ABOUT THIS TASK:
Your response should consist of the entire listing, transcribed exactly, with every image left out.

THE DATA:
_ _ _ _

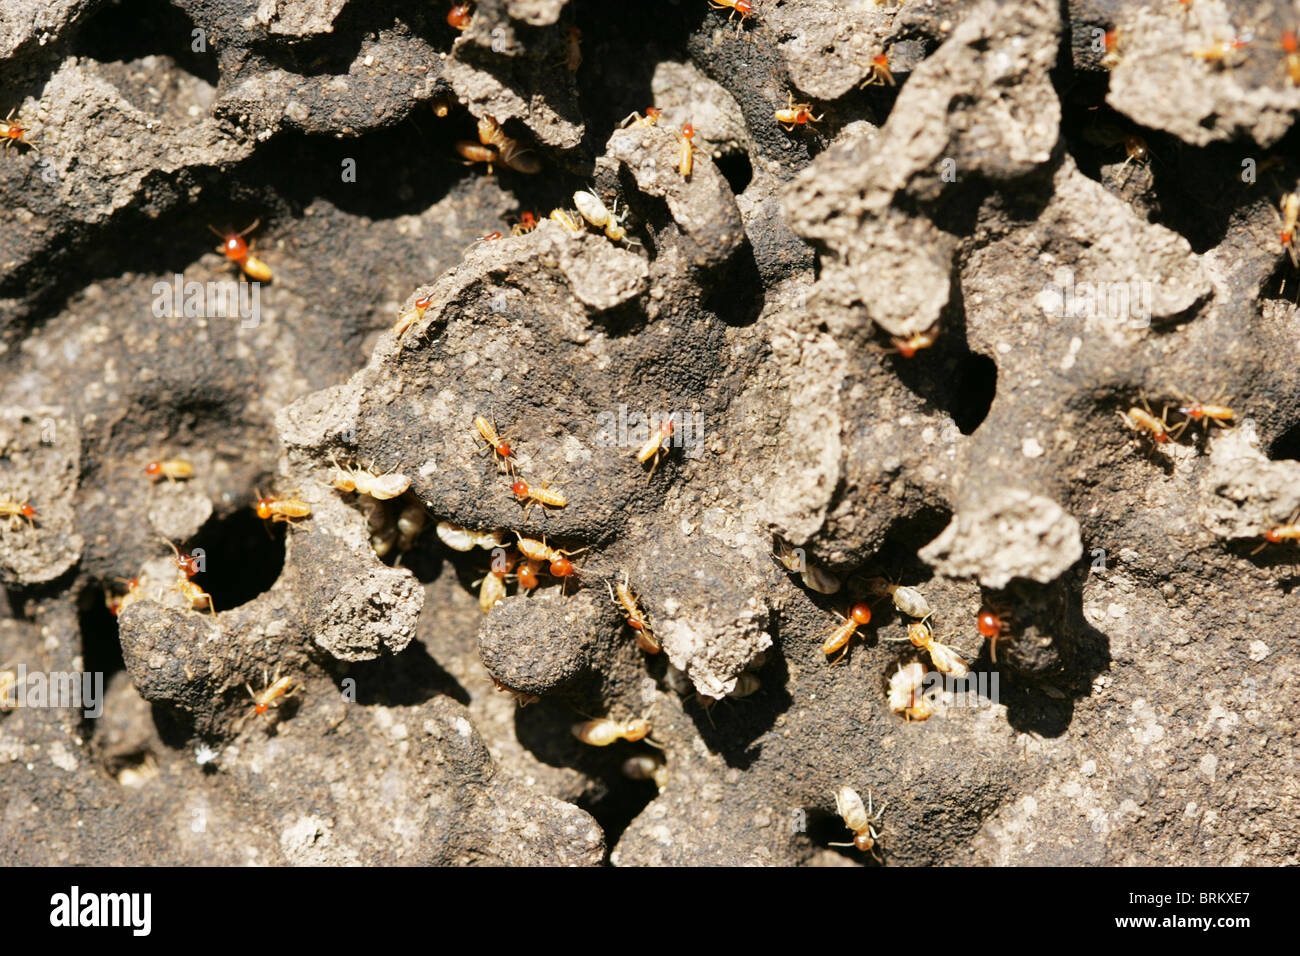 Les termites sur une section exposée de leur termitarium Banque D'Images
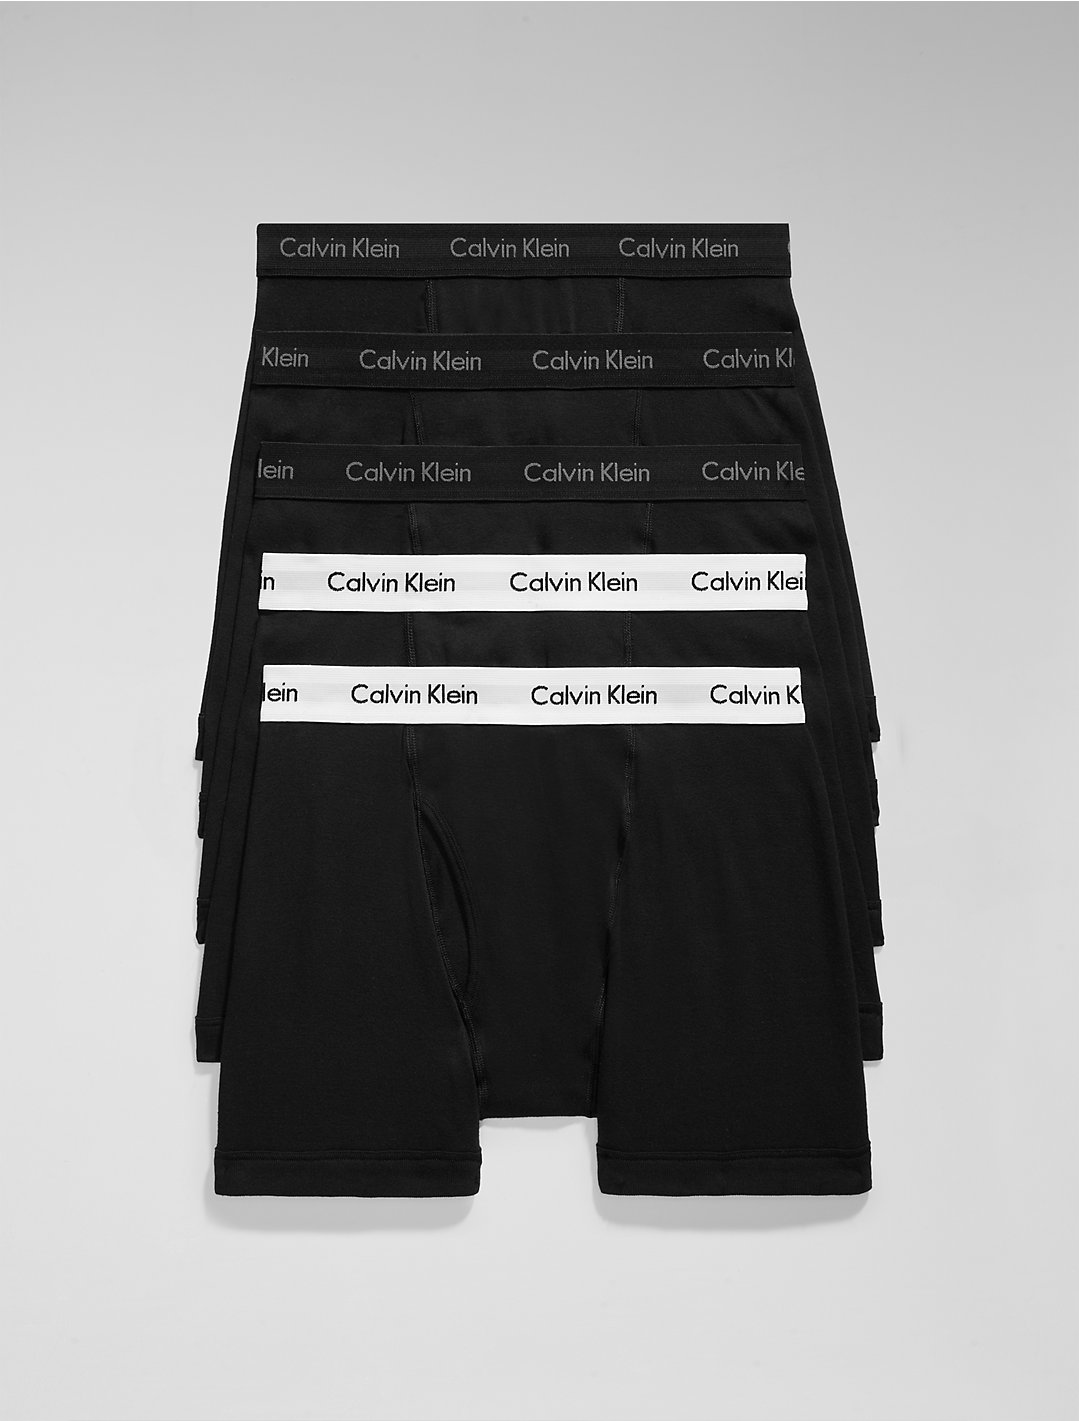 vorm Opwekking groep Cotton Classics 5-Pack Boxer Brief | Calvin Klein
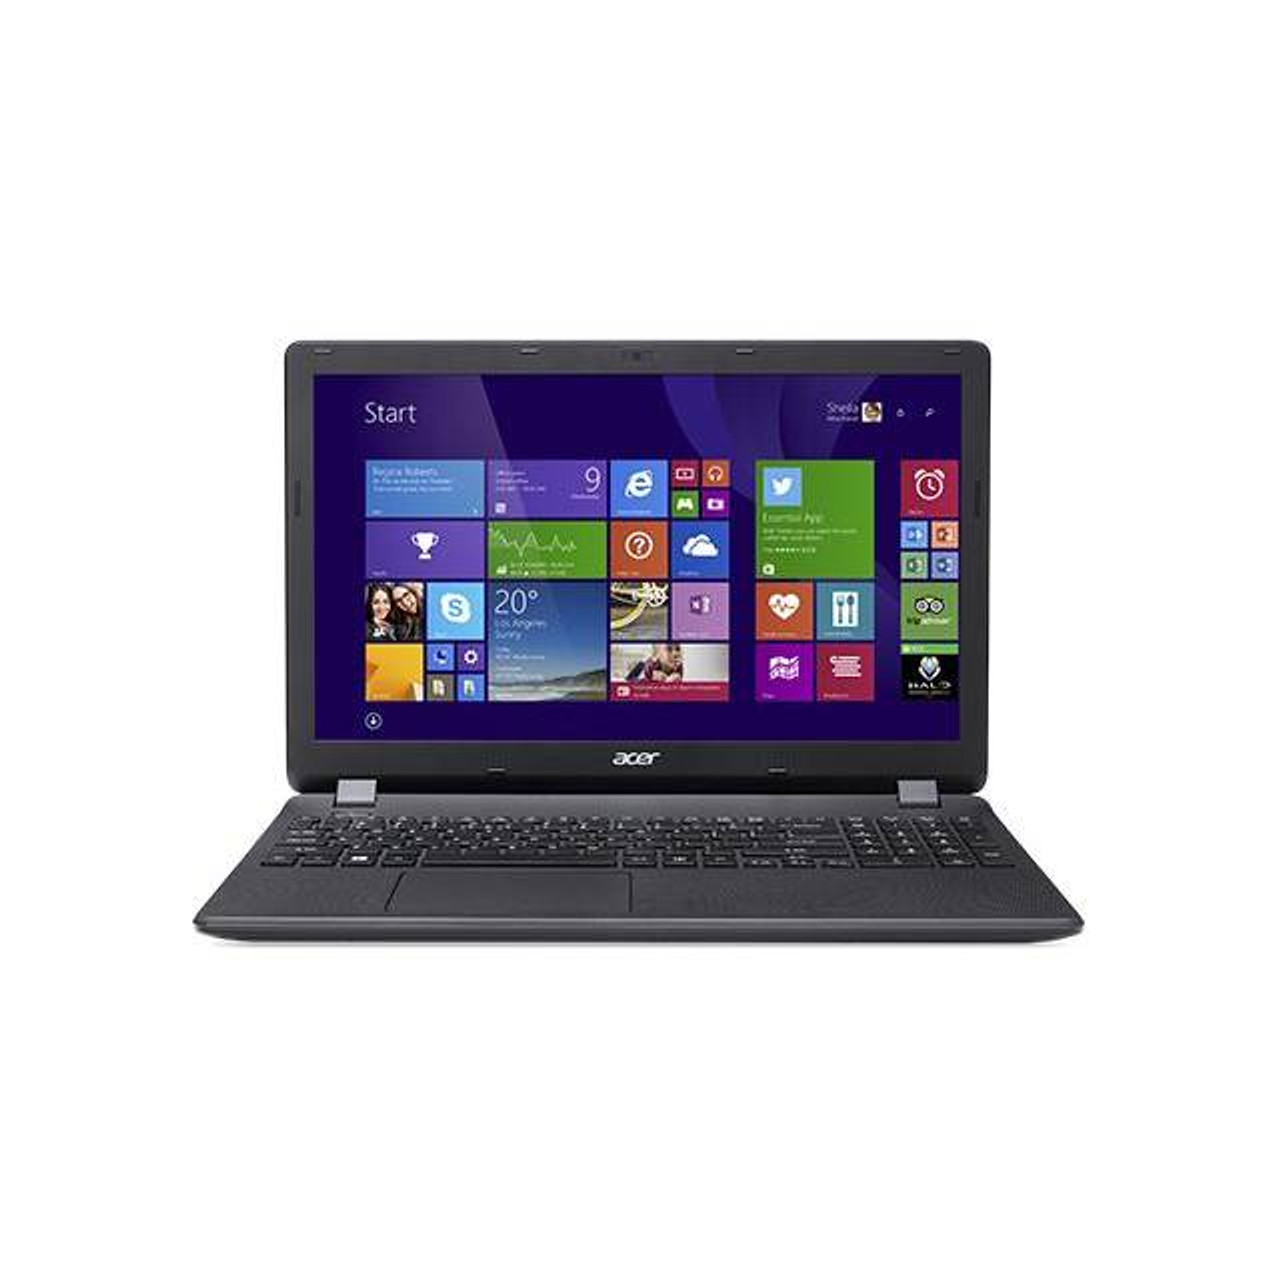 Acer Aspire ES ES1-571-C7N9 15.6 inch Intel Celeron 2957U 1.4GHz/ 4GB DDR3L/ 500GB HDD/ USB3.0/ Windows 10 Home Notebook (Black)

_ _ _ _

WRITTEN REPLY:
 Les termites sur une section exposée de leur termitarium Banque D'Images
 vorm Opwekking groep Cotton Classics 5-Pack Boxer Brief | Calvin Klein
 Acer Aspire ES ES1-571-C7N9 15.6 inch Intel Celeron 2957U 1.4GHz/ 4GB DDR3L/ 500GB HDD/ USB3.0/ Windows 10 Home Notebook (Black)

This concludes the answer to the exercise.